If you enjoy a milk drink now and again, you alway get a dual boiler and only fire up the service boiler when you want.


----------



## TheHToad (Sep 1, 2018)

MediumRoastSteam said:


> So, I have a La Pavoni, which I downgraded from an e61 machine.
> 
> The grinder is a Niche.
> 
> ...


 I guess it comes down to how often I make it for other people then. From what you said, I guess both pavoni and robot would be great if I mostly make it for myself. It's a shame you didnt get your hands on the robot as well, otherwise I would've been able to steal all your insight to which to pick.

Assuming I want to go for a big machine, any recommendations? Which e61 machine were you on previously?


----------



## MediumRoastSteam (Jul 7, 2015)

TheHToad said:


> I guess it comes down to how often I make it for other people then. From what you said, I guess both pavoni and robot would be great if I mostly make it for myself. It's a shame you didnt get your hands on the robot as well, otherwise I would've been able to steal all your insight to which to pick.
> 
> Assuming I want to go for a big machine, any recommendations? Which e61 machine were you on previously?

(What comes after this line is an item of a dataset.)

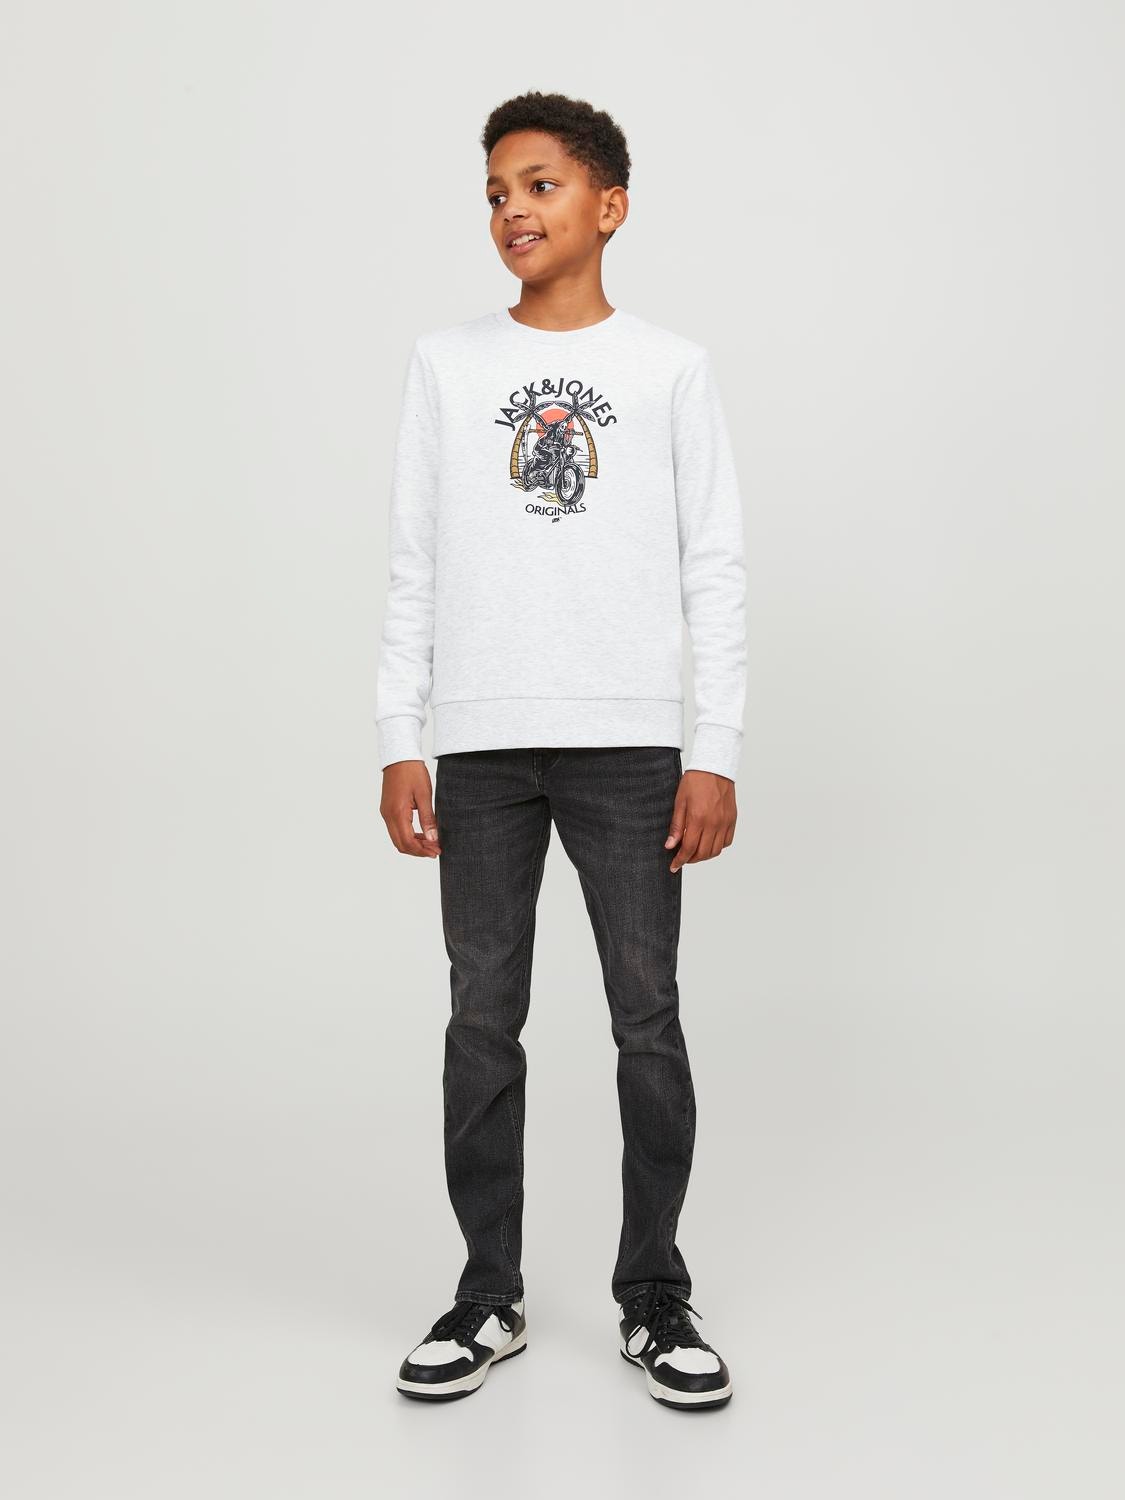 Jack & Jones Gedruckt Sweatshirt mit Rundhals Für jungs -White Melange - 12247870

I had a Profitec Pro 700, a great machine.

If you are inclined to go big, do you research, and make sure you understand the machine architectures: Dual Boiler vs Heat Exchanger, how the E61 group works, it's maintenance, etc, etc. Watch videos, review, routines.

If lever is your thing, the Londinium machines are highly regarded here, and a few members here have L1 and LR machines, so plenty of advice.

A great problem to have for sure. Have you thought of the grinder? Don't overlook it!

Edit: just checked OP, you have a Niche Zero. All good then.


----------



## TomR (Feb 2, 2020)

I have a robot, and have had a DB E61 (Duetto)

The robot can make shots as good and even better than the E61 BUT I persoannly have (over 4 months) really struggled with consistency / repeatability (especially medium to lighter beans)

Sometimes the robot makes a shot better than anything I have tasted in years. I try to repeat it (scales, thermapen, Mazzer Mini with SJ burrs) and the next 10 shots are not-great to average - I'm getting a little frustrated, although I have learned a lot more about puck prep

I'm thinking about a Londinium or a DE1+ to try and get the great shots more often


----------



## mikeycoffee (Oct 1, 2020)

Hello,

I am interested in the Robot, but a lack of consistency would frustrate me too. Have you managed to improve this at all, and how did you go about it?


----------